Digitalisierung und Erweiterung
Im Februar 2009 starteten Royal Theatres mit digitalen 3D-Aufführungen. Royal war das erste Kino in den Niederlanden, das digitale und 3D-Projektion auf allen Leinwänden anbot. Im Juli 2009 wurde bekannt, dass die Gemeinde Heerlen das Gebäude kaufen und gründlich sanieren wird; Mit dem etablierten Unternehmer wird eine Rückmietdauer von fünf Jahren vereinbart. Etwa zur gleichen Zeit wurde mit einer umfassenden Renovierung der Hallen und Innenräume begonnen. Royal, Rivoli und Maxim erhielten neue, größere Leinwände, neue Soundsysteme und neue Projektoren. Die Balkone wurden renoviert und die Anzahl der Sitzplätze wurde weiter reduziert, um mehr (Bein-)Freiheit zu bieten. Die Sanierung der Säle und Foyers dauerte bis Juli 2010.
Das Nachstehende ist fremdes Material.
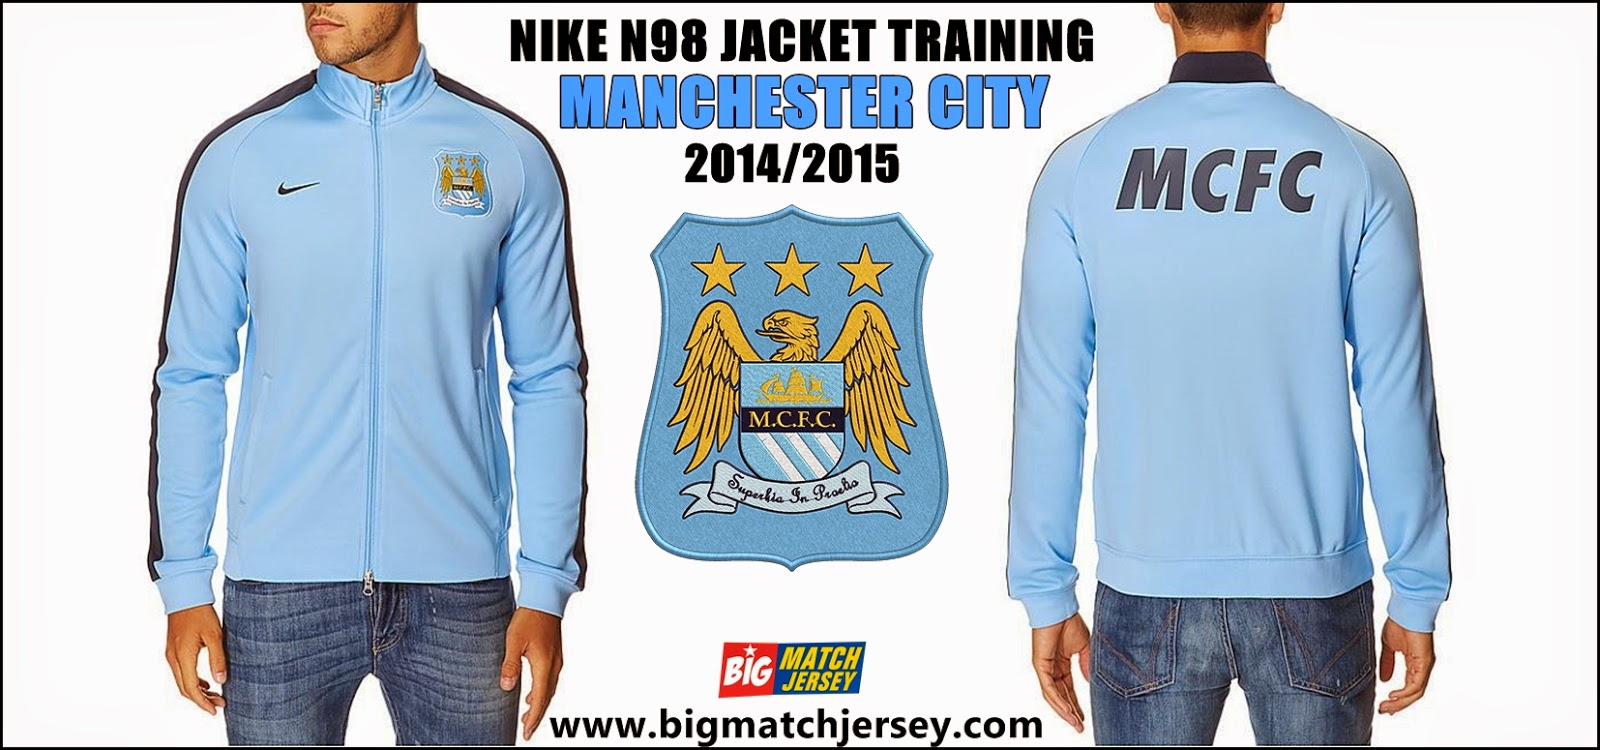 Nike Manchester City 14 15 N98 Jacket
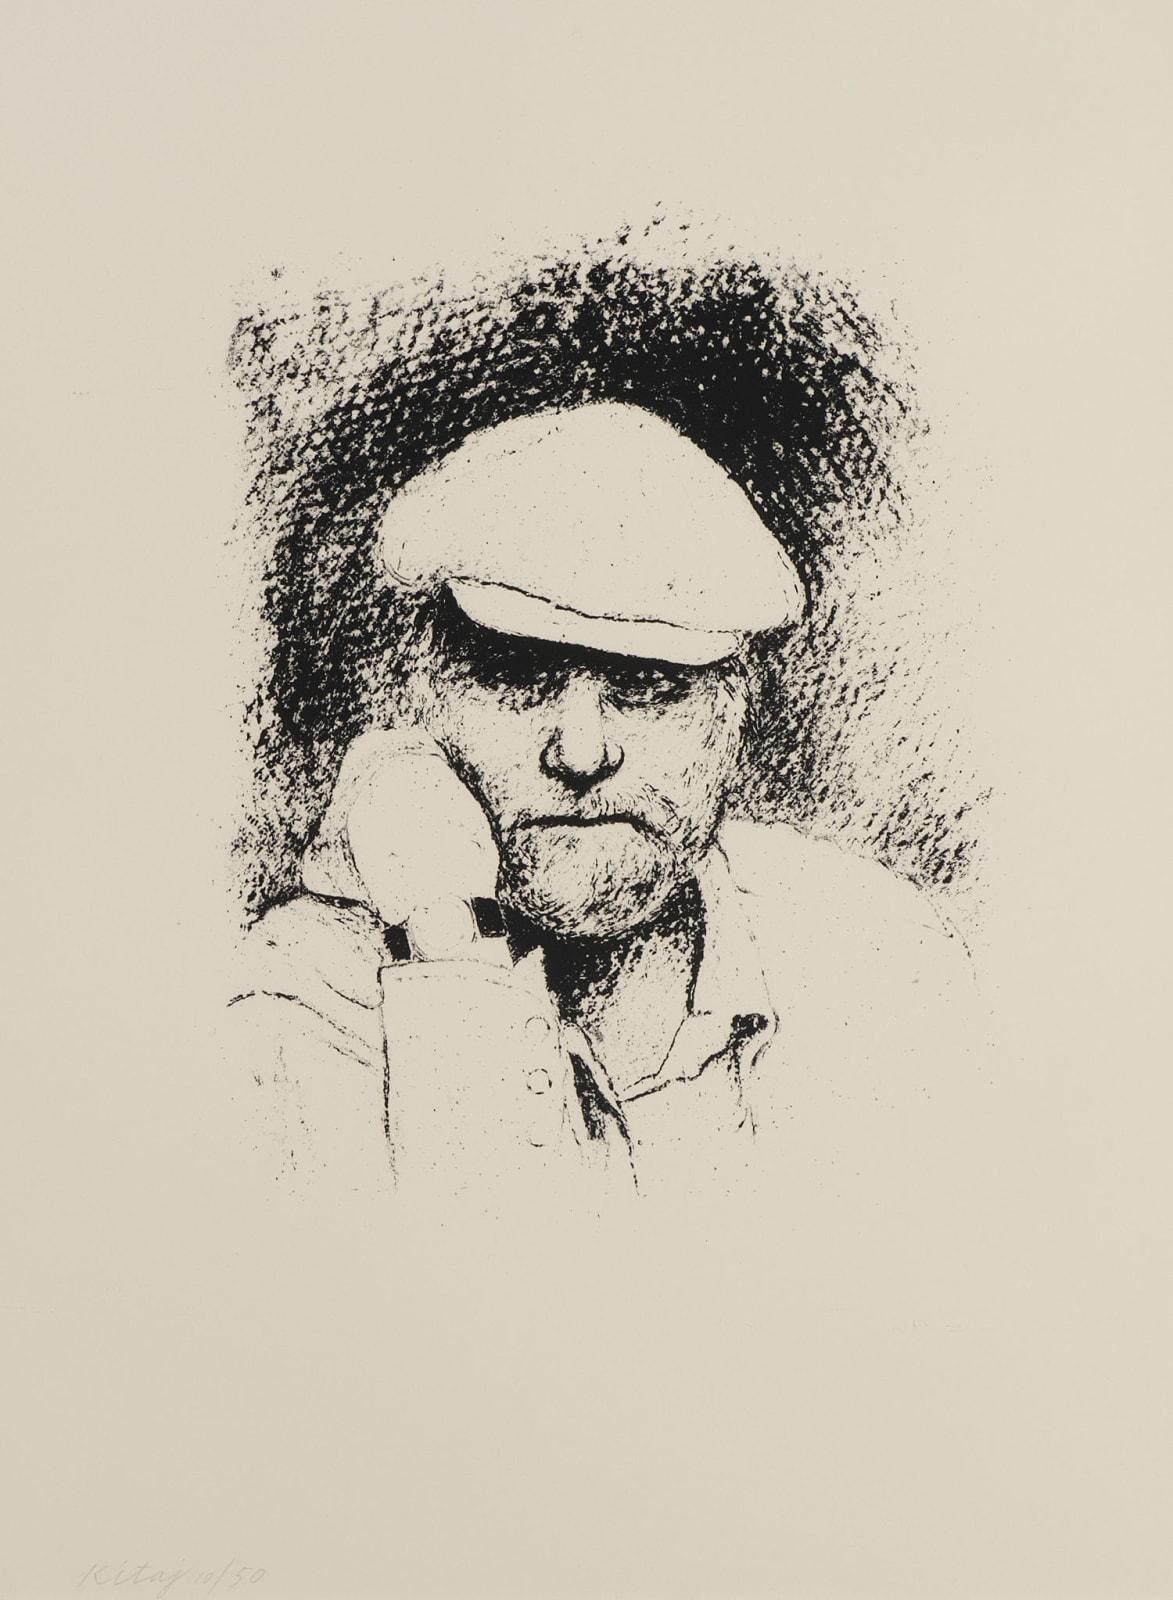 R. B. Kitaj (1932-2007) Self Portrait with Cap c.1975-76 Lithograph on paper 73 x 53.8 cm Ben Uri Collection © R. B. Kitaj estate

Am 1. Juli 2011 kaufte der königliche Betreiber Laurens van Bergen die konkurrierenden H5-Theater vom Betreiber Henk Winkens, der in den Ruhestand ging. Dies ermöglichte es Royal, mit acht Leinwänden ein wesentlich breiteres Filmangebot zu präsentieren.Einige Kritiker äußerten Zweifel an der Renovierung der drei Royal-Leinwände und dem Kauf von H5, denn der Kauf des Royal-Gebäudes durch die Gemeinde Es entstand der Eindruck, dass all dies mit einem Zuschuss finanziert wurde. Die Renovierung und Anschaffung des H5 wurden jedoch vollständig vom Betreiber selbst bezahlt. Als neuer Eigentümer des monumentalen Gebäudes hat sich die Gemeinde Heerlen für einige notwendige Eingriffe entschieden. So wurde das Gebäude beispielsweise mit einem besseren Brandschutz versehen und die alte Ölheizung durch Fernwärme ersetzt. Außerdem wurde beschlossen, die durch Kohlenstaub verunreinigte Fassade zu reinigen, damit sie ihre ursprüngliche Farbe wiedererlangt. Die Gemeinde Heerlen hat sich jedoch nie in den Betrieb des Kinos eingemischt.
Wettbewerb und Schließung
Im September 2013 sahen sich die Royal Theatres mit der Ankunft von Vue Parkstad (damals JT Parkstad) in Kerkrade einem harten Wettbewerb ausgesetzt. Das neue Multiplex-Kino in der angrenzenden Gemeinde zog sofort einen Großteil der Besucher an, so dass der Zustrom zum Königlichen Theater zum Erliegen kam. Ende 2013 kam es zu einer großen Entlassungsrunde, um das Unternehmen am Laufen zu halten, aber ohne Erfolg. Am 15. Juli 2014 gab der Betreiber bekannt, dass das Königliche Theater zum 1. August 2014 nach mehr als 76 Jahren seine Pforten schließen wird. Er führt die Geschäfte im ehemaligen H5-Komplex, der 2011 erworben wurde, weiter. Dank seines monumentalen Status wird das Königliche Theater als Gebäude erhalten bleiben.